5. Pour refuser à M. C le renouvellement de son certificat de résidence algérien, et la délivrance d'un certificat valable dix ans, sur le fondement des stipulations précitées, le préfet de Seine-et-Marne s'est fondé sur la circonstance que l'effectivité de la communauté de vie avec son épouse française n'était pas démontrée, dès lors que M. C a remis aux services préfectoraux une main courante déposée le 15 juillet 2022 au commissariat de Villeparisis précisant que son épouse " l'a mis à la porte ". M. C soutient que " après leur séparation, à de nombreuses reprises, Mme B a pris attache avec M. C afin de lui demander de regagner le domicile. D'ailleurs, ce dernier avait effectivement repris une communauté de vie et avait décidé de donner une seconde chance à son couple. Suite à une dispute la veille du rendez-vous en Préfecture, Mme B a décidé de ne pas accompagner son époux et pire, elle lui a repris l'ensemble de ses pièces personnelles et nécessaires à la demande de renouvellement de son époux ". Toutefois, le requérant, qui réside dans un autre domicile que celui de son épouse, ne produit aucun élément établissant une communauté de vie avec Mme B à la date de la décision contestée, ni, au demeurant, postérieurement à cette date. Dans ces conditions, M. C n'est pas fondé à soutenir que le préfet aurait estimé à tort qu'il ne remplit pas les conditions pour se voir délivrer le certificat de résidence algérien de dix ans prévu par l'accord franco-algérien du

27 décembre 1968 modifié en tant que conjoint d'une ressortissante rançaise et ne peut se prévaloir des stipulations de 7 bis a) de l'accord précité. Dès lors, le moyen tiré de la méconnaissance des stipulations précitées doit être écarté.
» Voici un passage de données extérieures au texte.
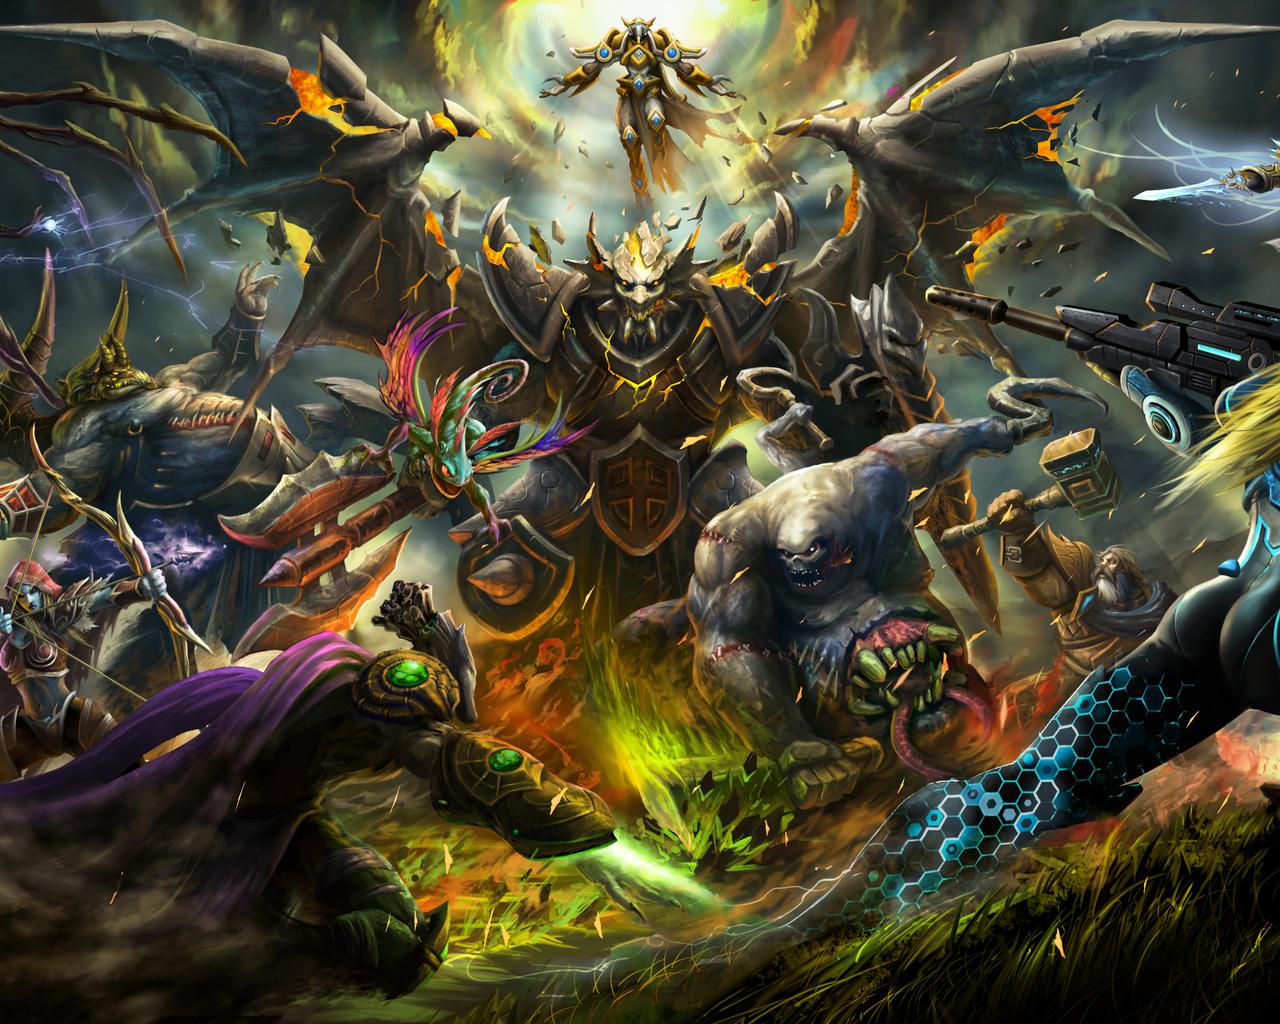 stitches, warcraft, azmodan, starcraft, heroes of the storm, zeratul
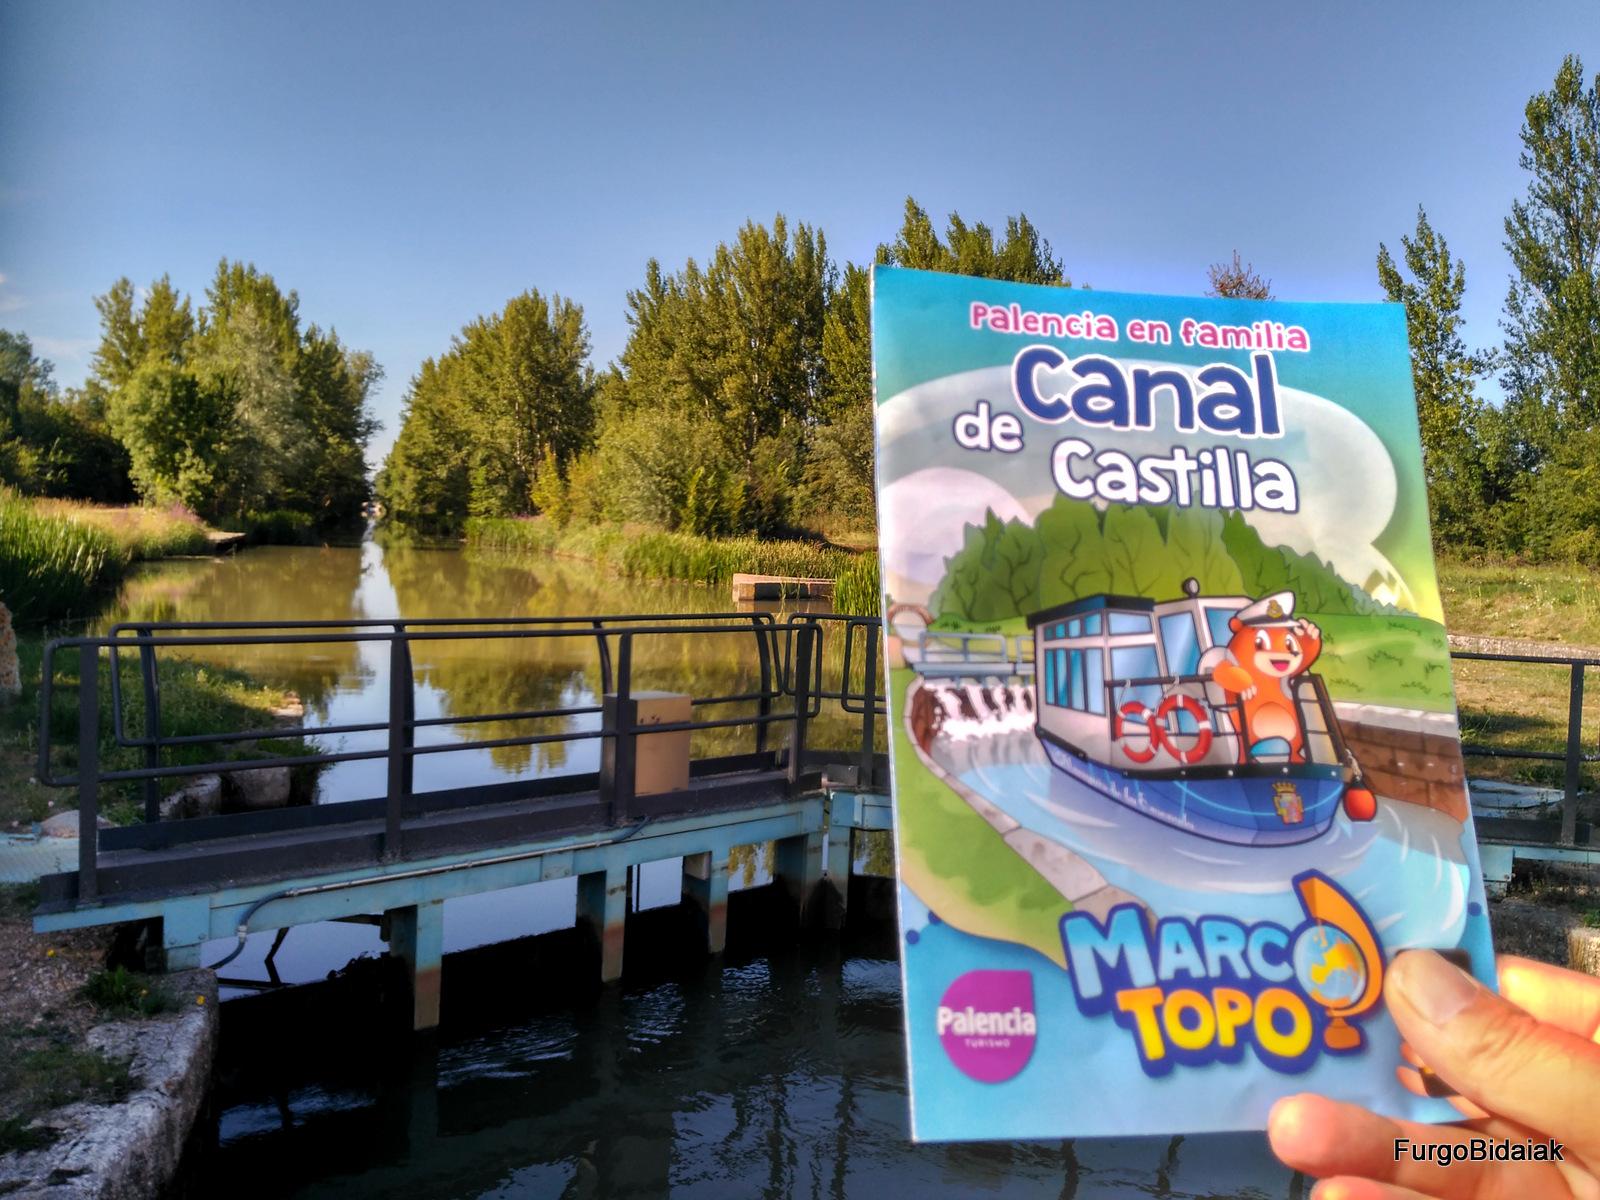 Juego interactivo Marco Topo, Herrera de Pisuerga, Canal de Castilla

6. En troisième lieu, d'une part, M. C se borne à établir, concernant sa vie professionnelle, une activité professionnelle de février 2022 à octobre 2022, et, d'autre part, concernant son intégration personnelle et familiale, il se borne à produire des attestations de sa famille, en l'occurrence d'une sœur, d'un beau-frère, et de plusieurs cousins. En outre, le requérant n'établit pas qu'il serait dépourvu d'attaches en Algérie, pays dans lequel il a vécu jusqu'à un âge adulte. Ainsi, eu égard à la durée et aux conditions de séjour de M. C en France, et compte tenu de ce qui a été dit au point 5, les moyens tirés de l'erreur manifeste d'appréciation, de la méconnaissance des stipulations de l'article 7 bis de l'accord franco-algérien et de la méconnaissance des stipulations de l'article 8 de la convention européenne de sauvegarde des droits de l'homme et des libertés fondamentales, doivent être écartés.

7. Il résulte de tout ce qui précède que la requête de M. C doit être rejetée en toutes ses conclusions.

D E C I D E :

Article 1er : La requête de M. C est rejetée.

Article 2 : Le présent jugement sera notifié à M. A C et au préfet de Seine-et-Marne.

Délibéré après l'audience du 4 juillet 2024, à laquelle siégeaient :

M. Lalande, président,

M. Dumas, premier conseiller,

M. Pradalié, premier conseiller.

Rendu public par mise à disposition du greffe le 19 juillet 2024.

Le rapporteur,

G. PRADALIELe président,

D. LALANDE

La greffière,

C. KIFFER

La République mande et ordonne au préfet de Seine-et-Marne en ce qui le concerne ou à tous commissaires de justice à ce requis en ce qui concerne les voies de droit commun contre les parties privées, de pourvoir à l'exécution de la présente décision.